Do you know what to do in an earthquake?

This might sound like a weird post, but bear with me. There aren't many natural disasters around the Seattle area - in fact, in a lot of ways, it's pretty much heaven on earth. However, it doesn't hurt to be prepared.

Do you know what to do in an earthquake? I realized...I have no idea. So I looked it up on the FEMA website:

What to Do During an Earthquake

Stay as safe as possible during an earthquake. Be aware that some earthquakes are actually foreshocks and a larger earthquake might occur. Minimize your movements to a few steps to a nearby safe place and stay indoors until the shaking has stopped and you are sure exiting is safe.

If indoors:
  • DROP to the ground; take COVER by getting under a sturdy table or other piece of furniture; and HOLD ON on until the shaking stops. If there isn’t a table or desk near you, cover your face and head with your arms and crouch in an inside corner of the building.
    Stay away from glass, windows, outside doors and walls, and anything that could fall, such as lighting fixtures or furniture.
  • Stay in bed if you are there when the earthquake strikes. Hold on and protect your head with a pillow, unless you are under a heavy light fixture that could fall. In that case, move to the nearest safe place.
  • Use a doorway for shelter only if it is in close proximity to you and if you know it is a strongly supported, loadbearing doorway.
  • Stay inside until shaking stops and it is safe to go outside. Research has shown that most injuries occur when people inside buildings attempt to move to a different location inside the building or try to leave.
  • Be aware that the electricity may go out or the sprinkler systems or fire alarms may turn on.
  • DO NOT use the elevators.

If outdoors:
  • Stay there.
  • Move away from buildings, streetlights, and utility wires.
  • Once in the open, stay there until the shaking stops. The greatest danger exists directly outside buildings, at exits, and alongside exterior walls. Many of the 120 fatalities from the 1933 Long Beach earthquake occurred when people ran outside of buildings only to be killed by falling debris from collapsing walls. Ground movement during an earthquake is seldom the direct cause of death or injury. Most earthquake-related casualties result from collapsing walls, flying glass, and falling objects.

If in a moving vehicle:
  • Stop as quickly as safety permits and stay in the vehicle. Avoid stopping near or under buildings, trees, overpasses, and utility wires.
  • Proceed cautiously once the earthquake has stopped. Avoid roads, bridges, or ramps that might have been damaged by the earthquake.

If trapped under debris:
  • Do not light a match.
  • Do not move about or kick up dust.
  • Cover your mouth with a handkerchief or clothing.
  • Tap on a pipe or wall so rescuers can locate you. Use a whistle if one is available. Shout only as a last resort. Shouting can cause you to inhale dangerous amounts of dust.

All good things to know!


  1. Thank you for posting this! I had no idea what to do in an earthquake before this (except to get under a desk and cover myself).

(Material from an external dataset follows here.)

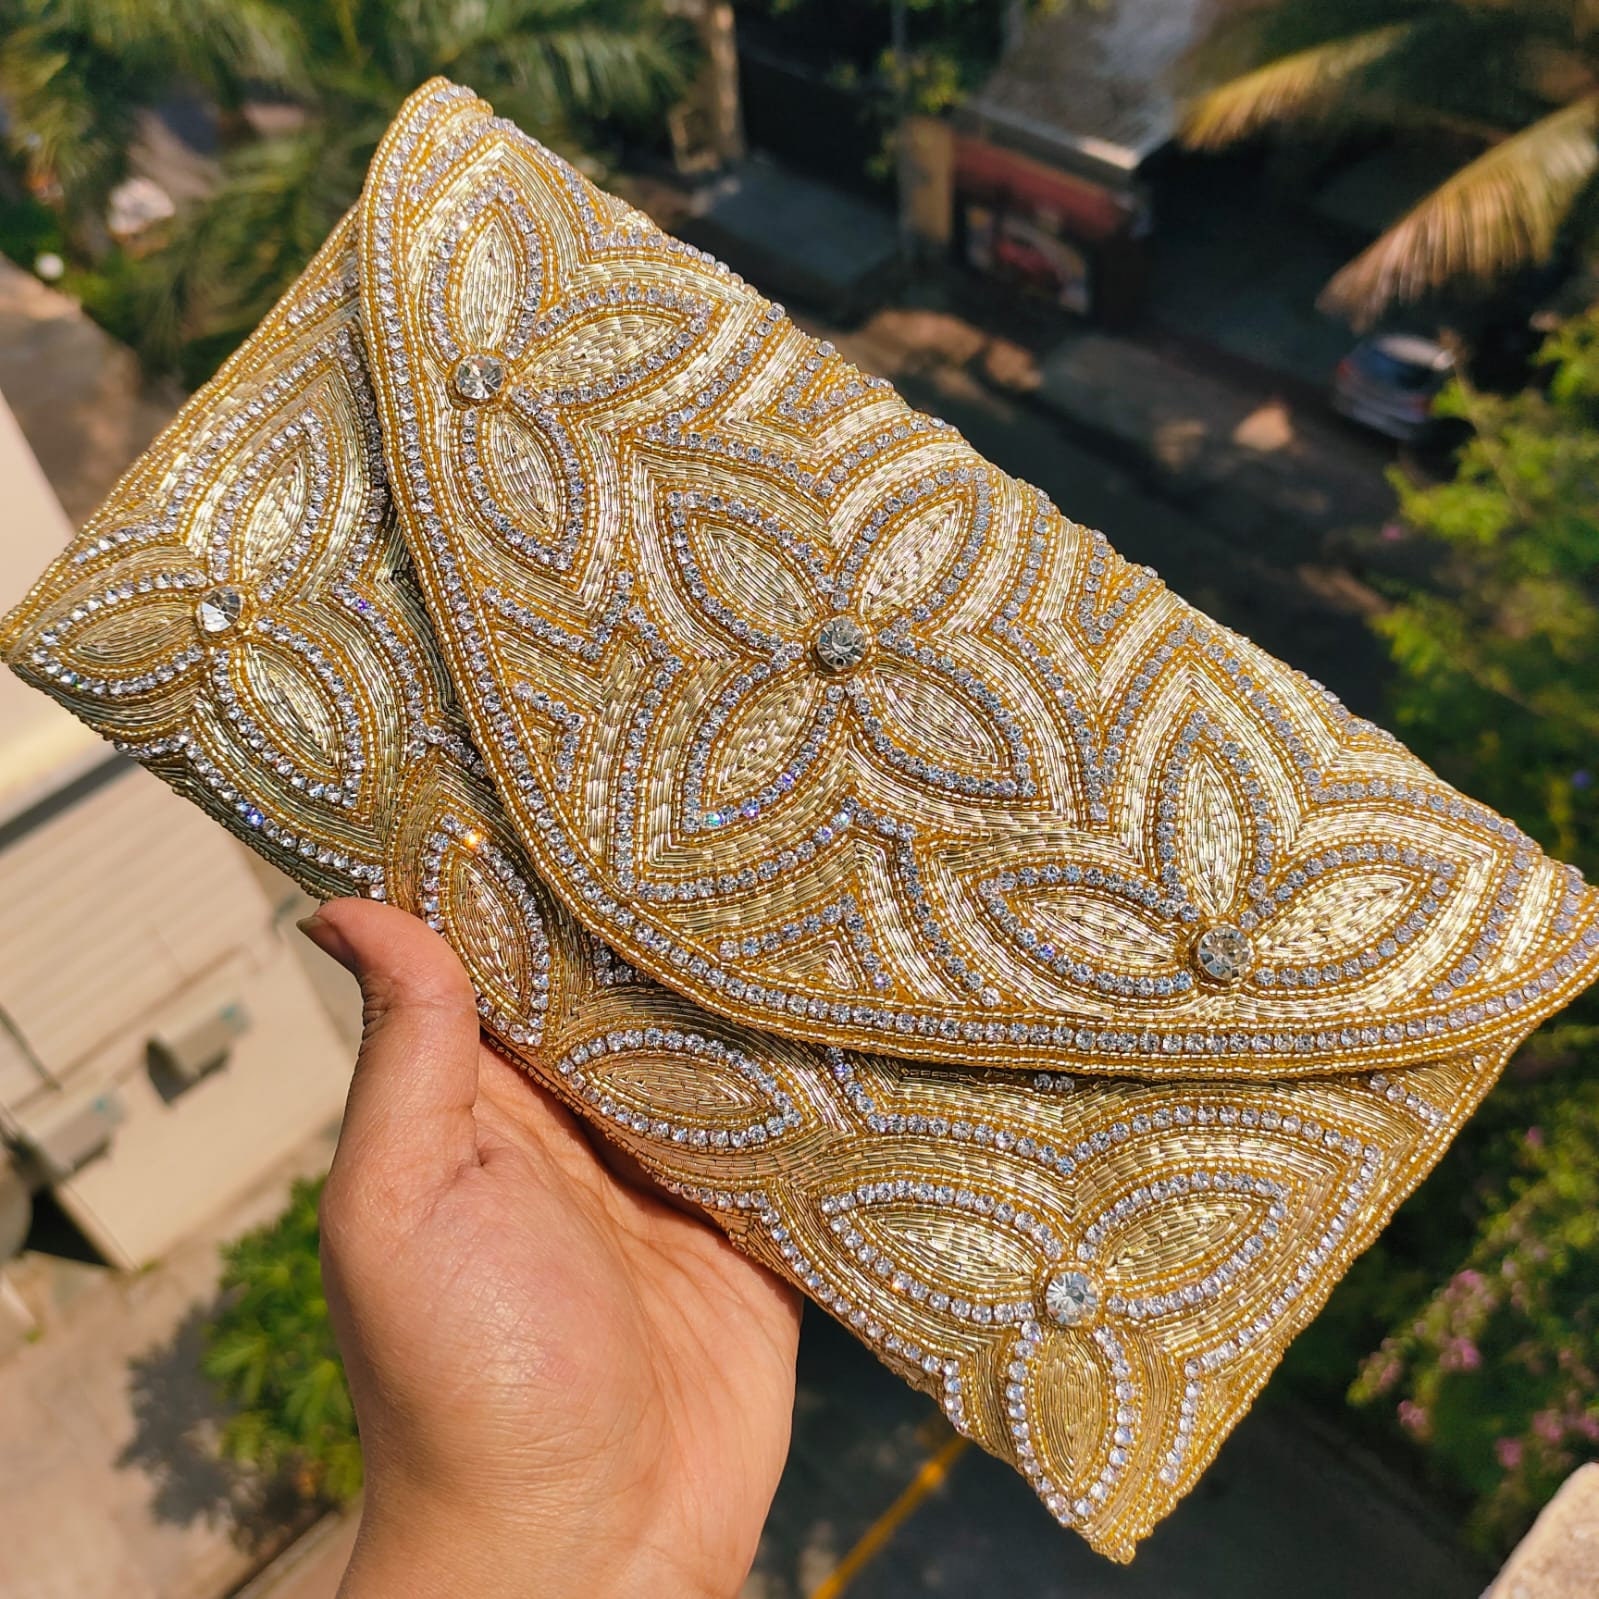 Golden Evening Clutch Purse For Wedding With Metal Bow Chain Shoulder Strap  Perfect For Weddings And Special Occasions From Sellerstore05, $13 |  DHgate.Com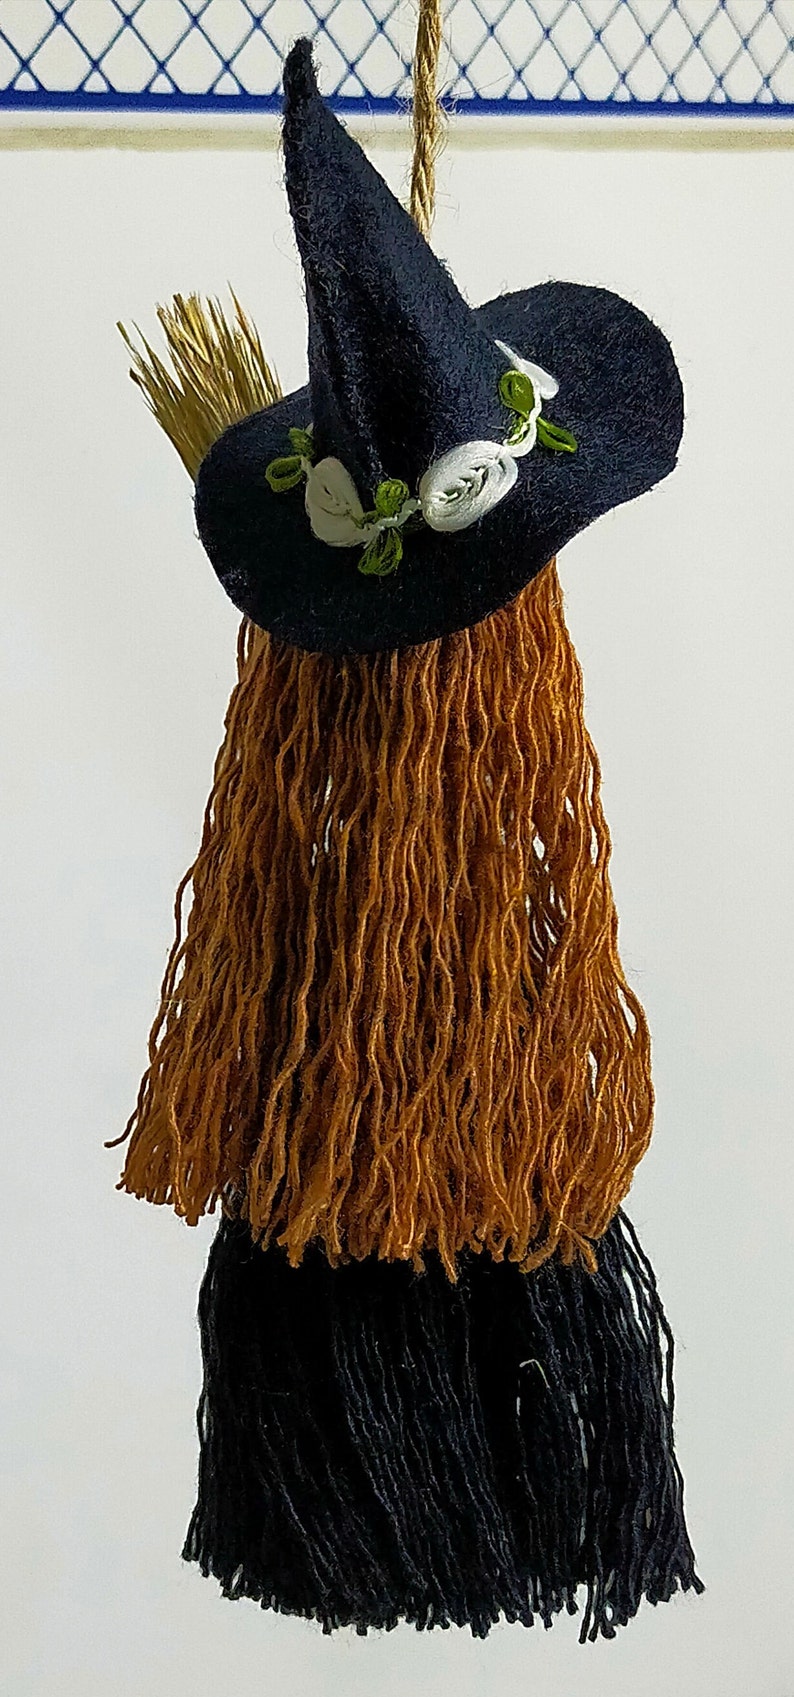 Kitchen Witch Wizard Handmade Witch Protection Luck Witch Broom, Vintage Design New Home Gift Housewarming, Boho nursery decor, Macrame Doll image 7

  2. I'm so confused. Can I take my laptop under the table with me if I'm revising when the earthquake hits? What about my tea?
    And what are the recommendations regarding working the earthquake into the story?

  3. I'm glad you posted this. I've experienced a few earthquakes growing up. Very scary!

    Annie, yes, grab that laptop! You probably will not care about the tea, however.

  4. I've lived in Idaho and Washington and have lived through a bunch of quakes. The best info site I've seen is http://www.earthquakecountry.info/dropcoverholdon/

    Void spaces beside a piece of furniture are the places where most living people were found. Weird but true!